■ Required action: In the copy, include all of the listing exactly and none of its pictures.

■ Information provided:
*** Begin section ***

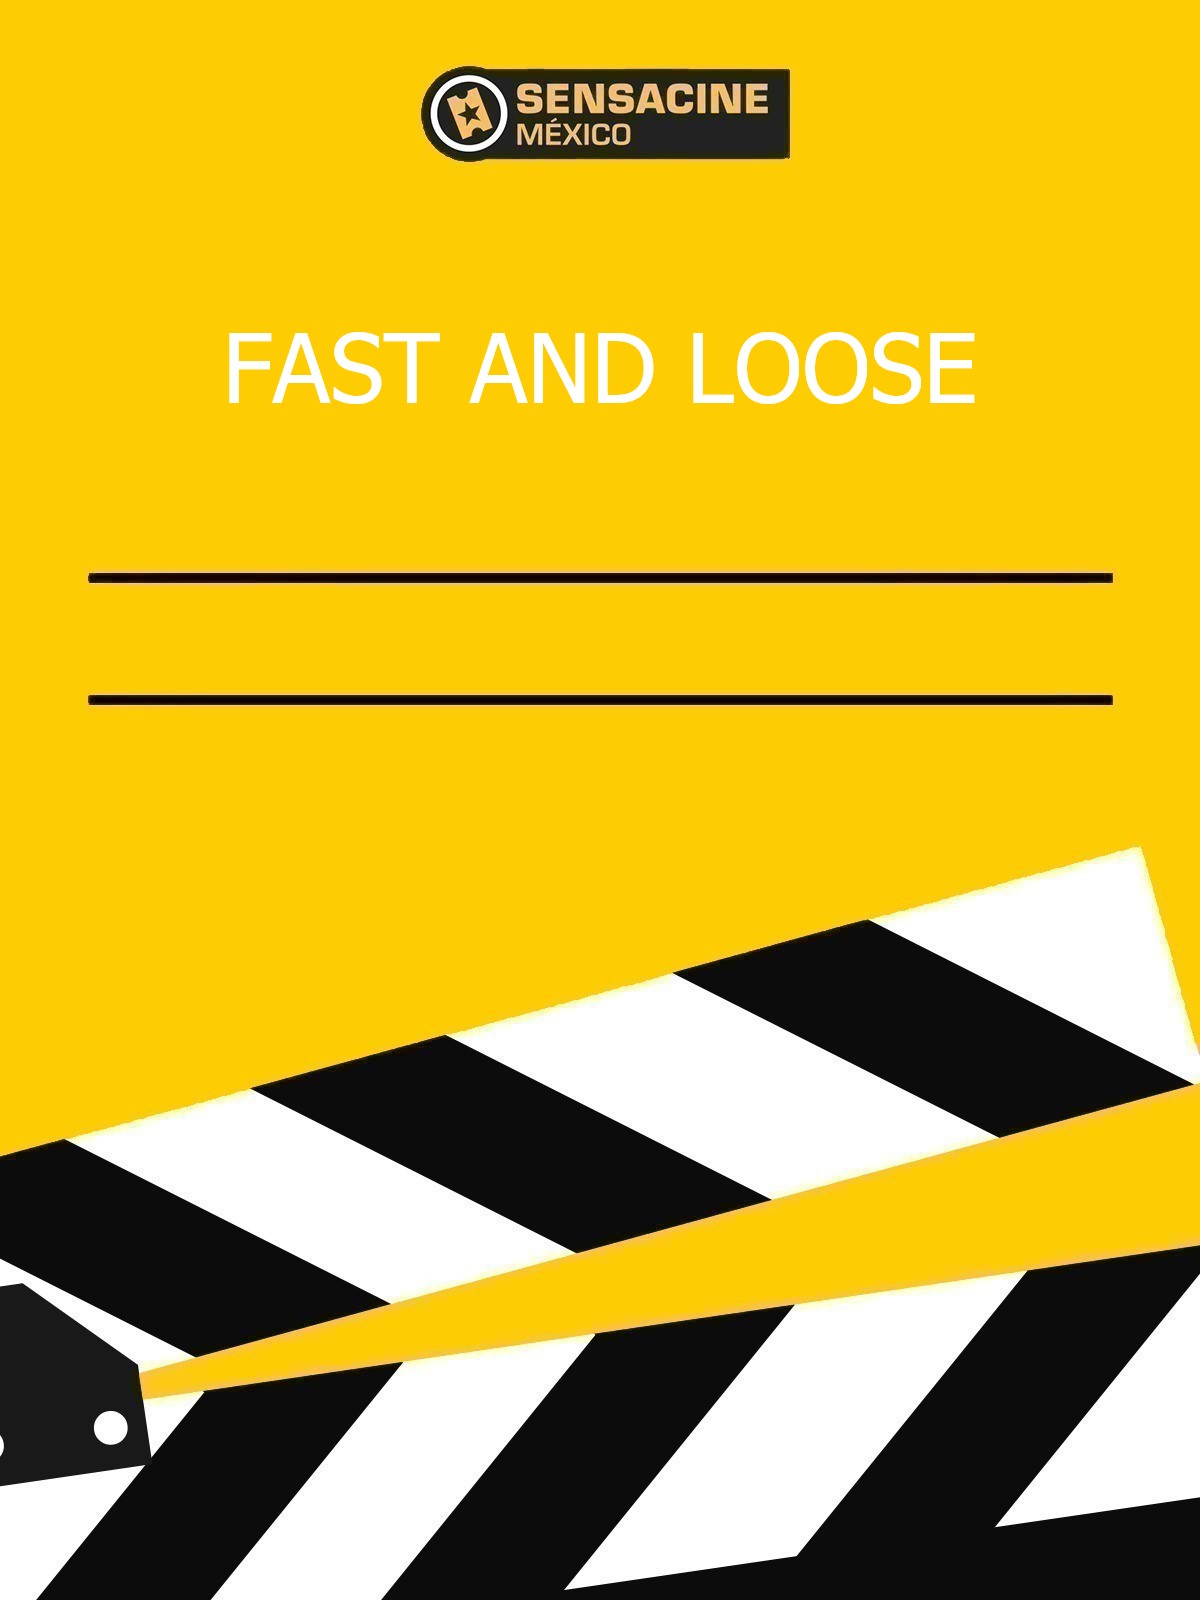 Fast & Loose
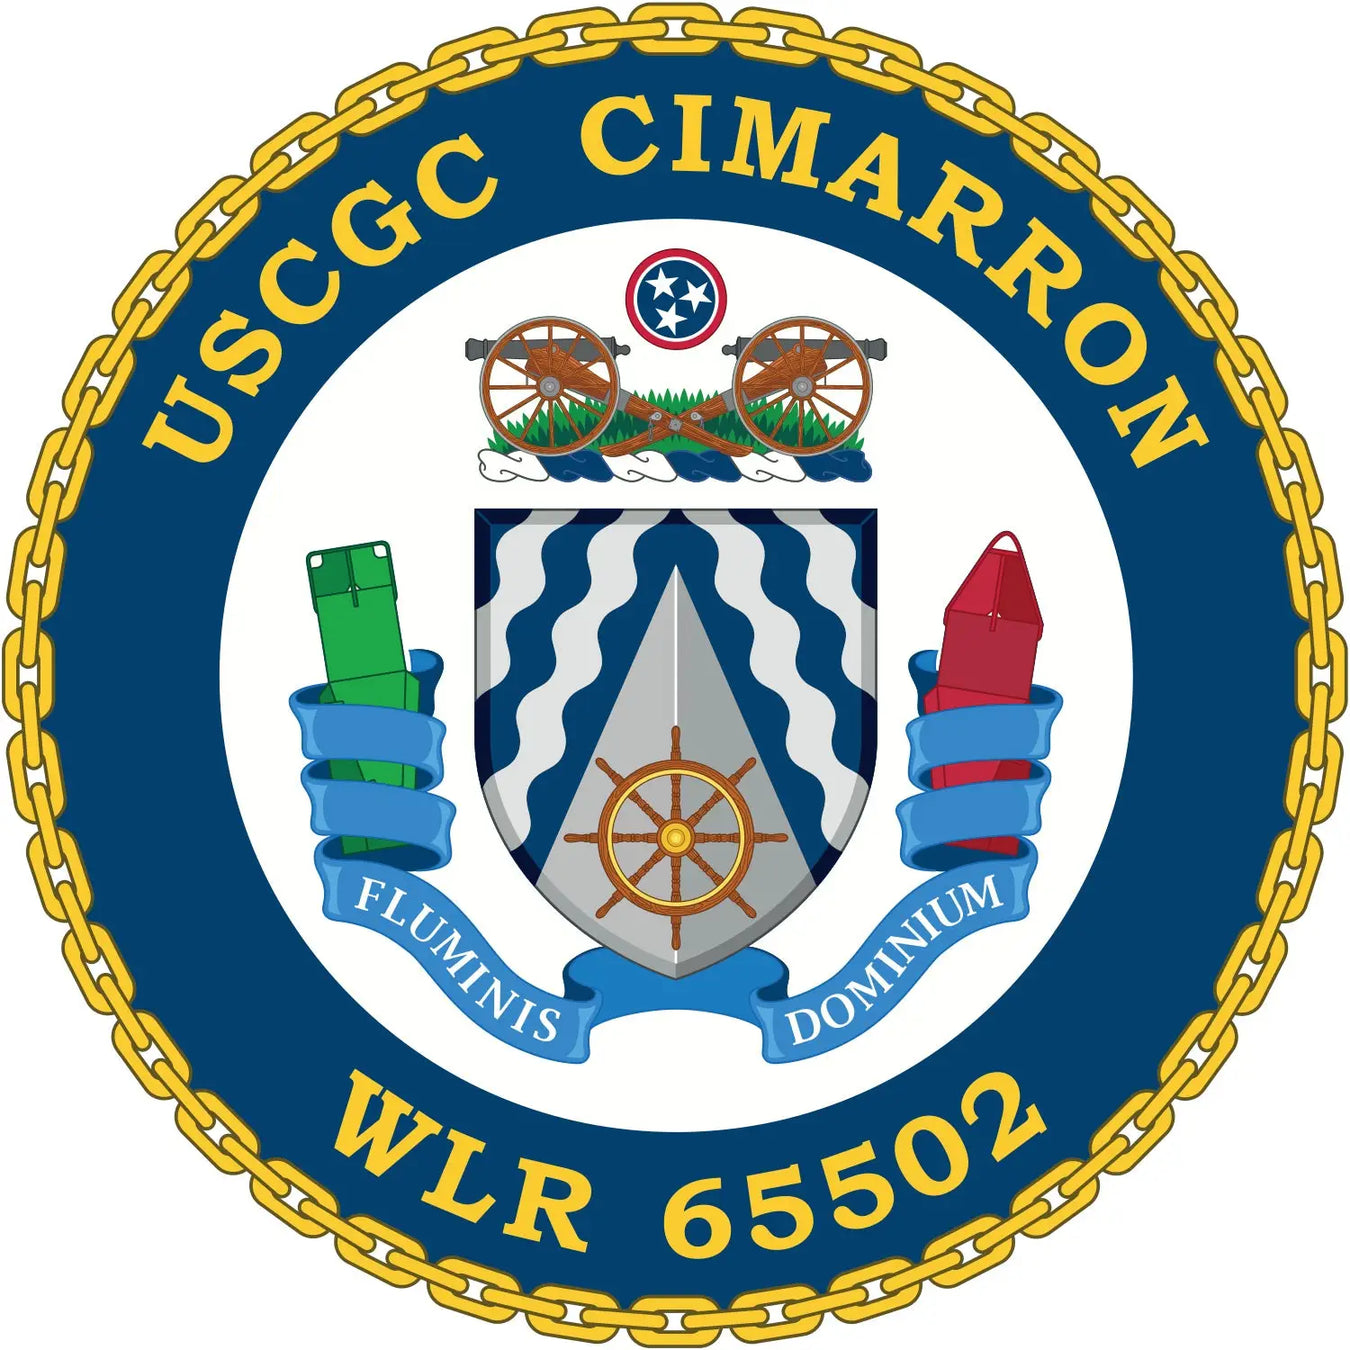 USCGC Cimarron (WLR-65502)
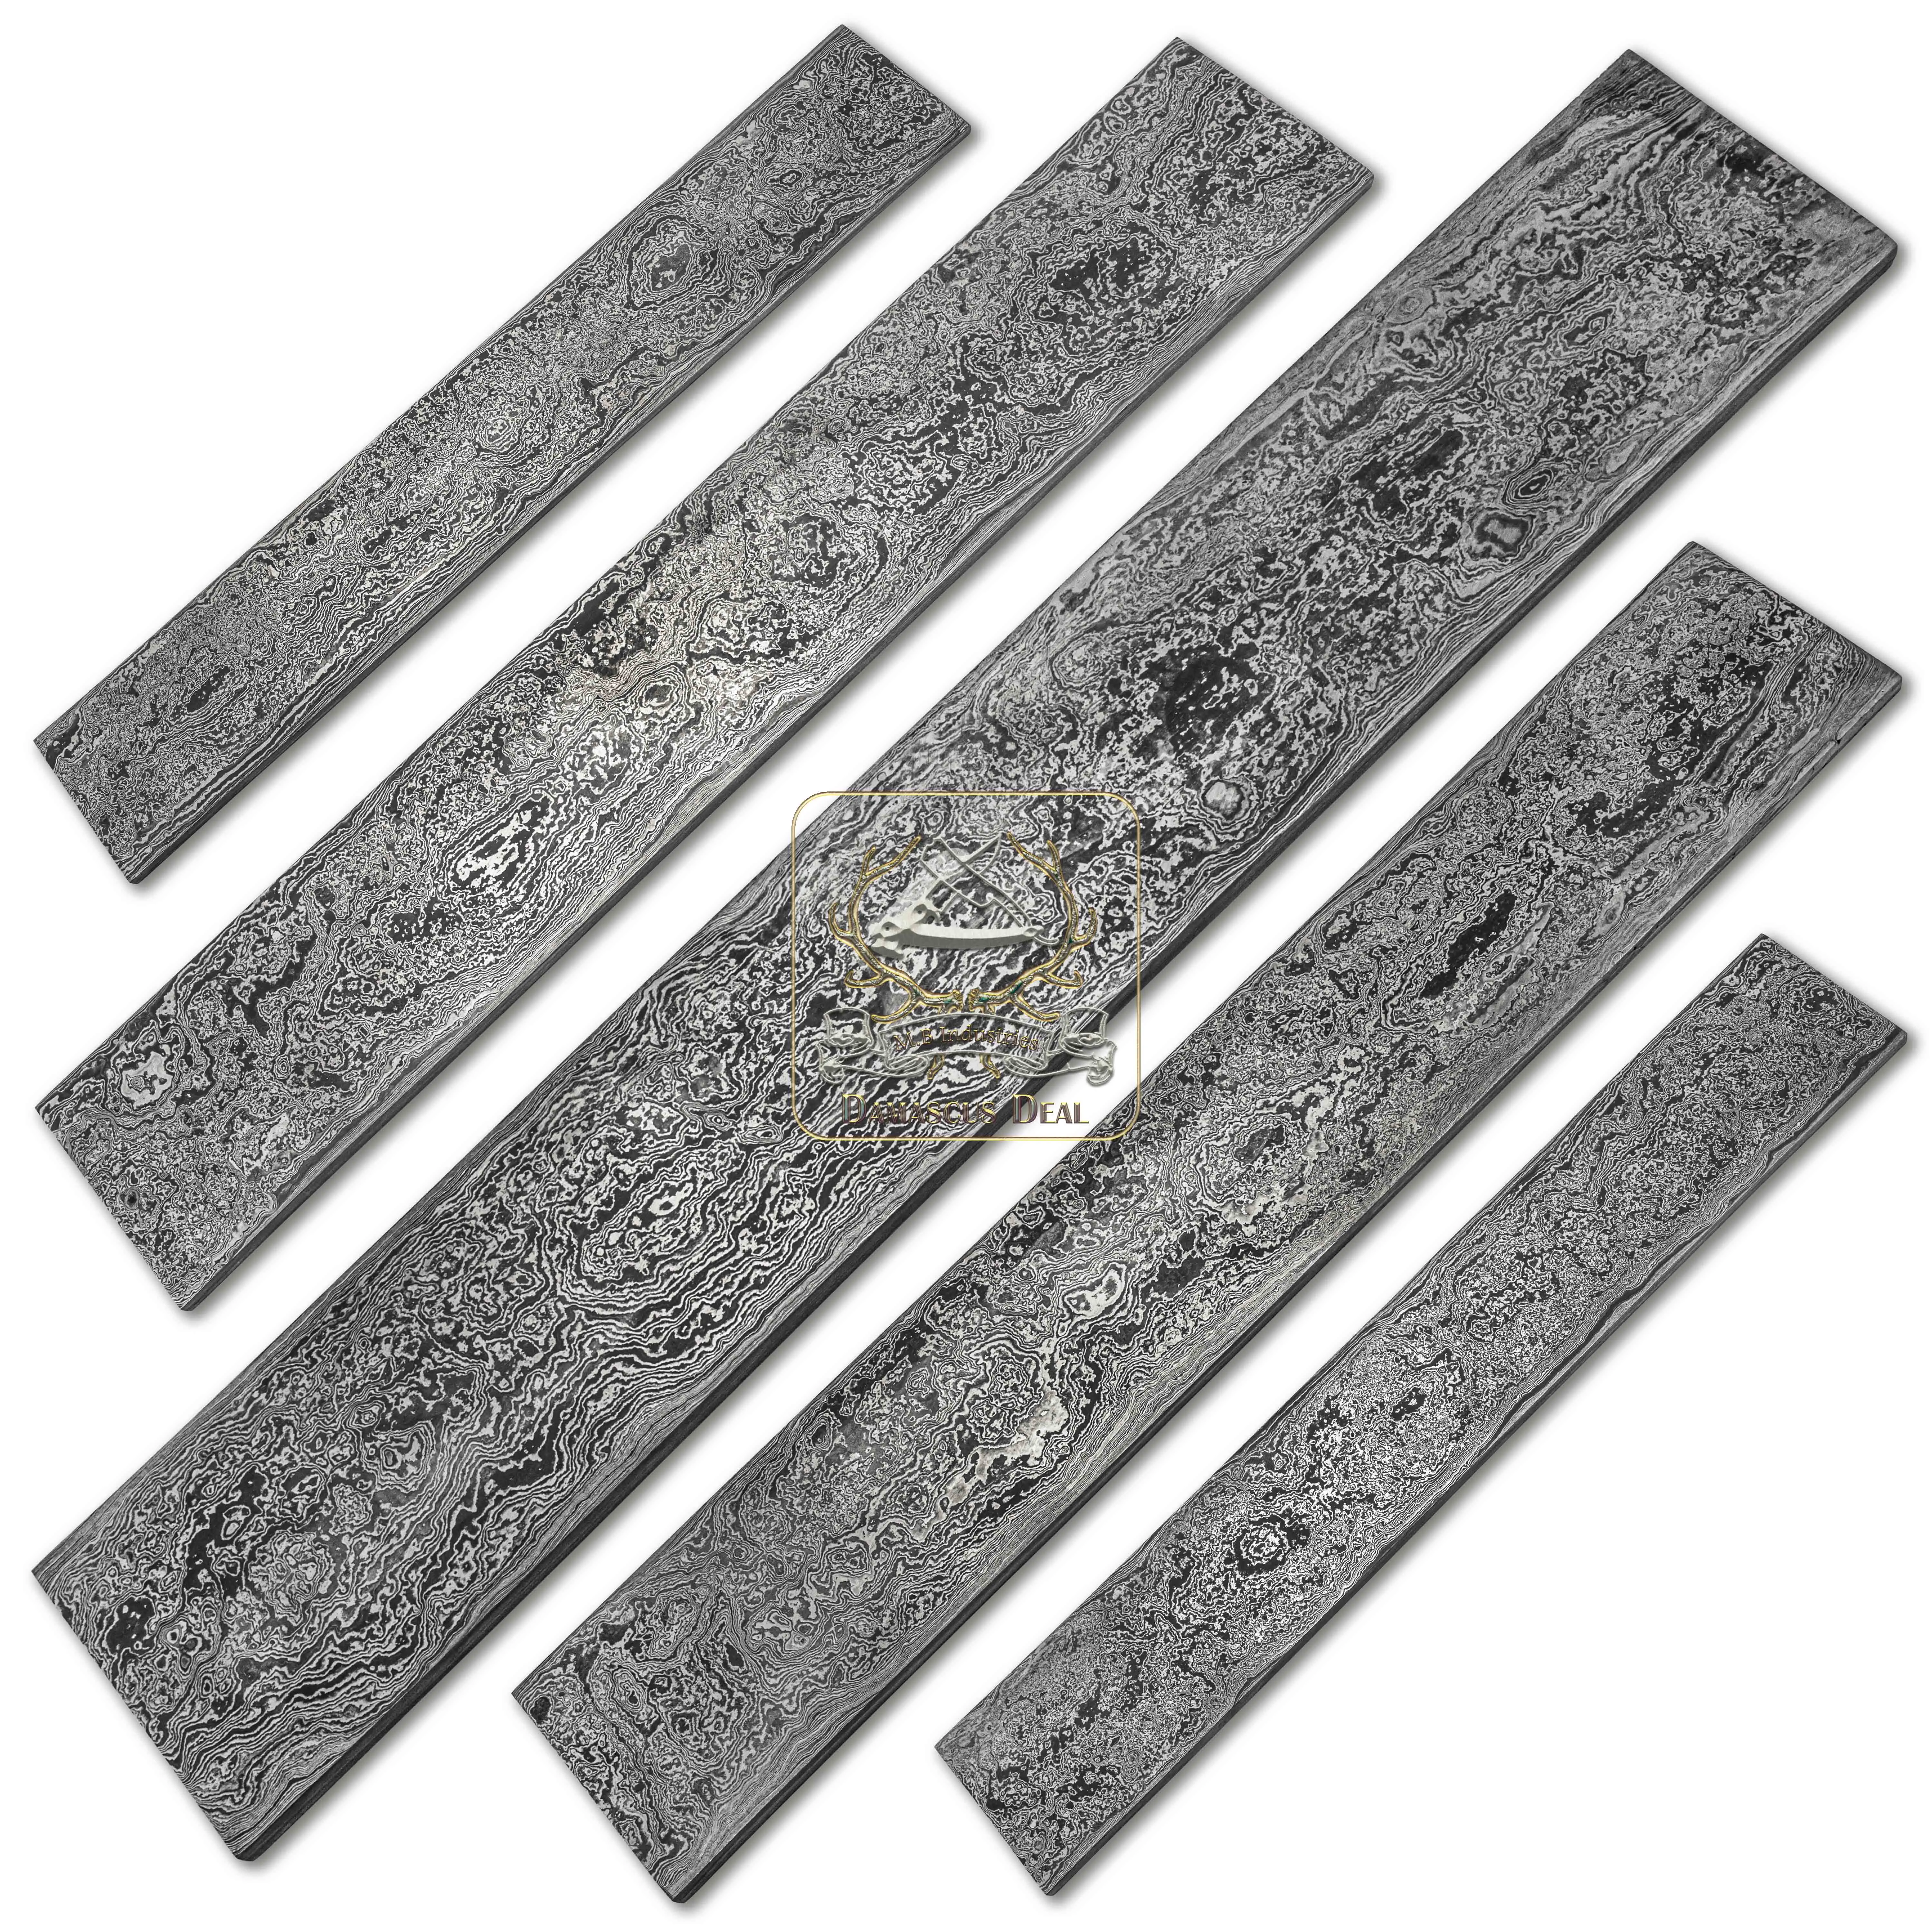 Damascus Steel Billet Random Pattern DD-Random-502 for Knife Making Hand Forged Carbon Steel Hardness 58-62 HRC Billet

*** End section ***

■ Solution to the problem:
 Fast & Loose
 USCGC Cimarron (WLR-65502)
 Damascus Steel Billet Random Pattern DD-Random-502 for Knife Making Hand Forged Carbon Steel Hardness 58-62 HRC Billet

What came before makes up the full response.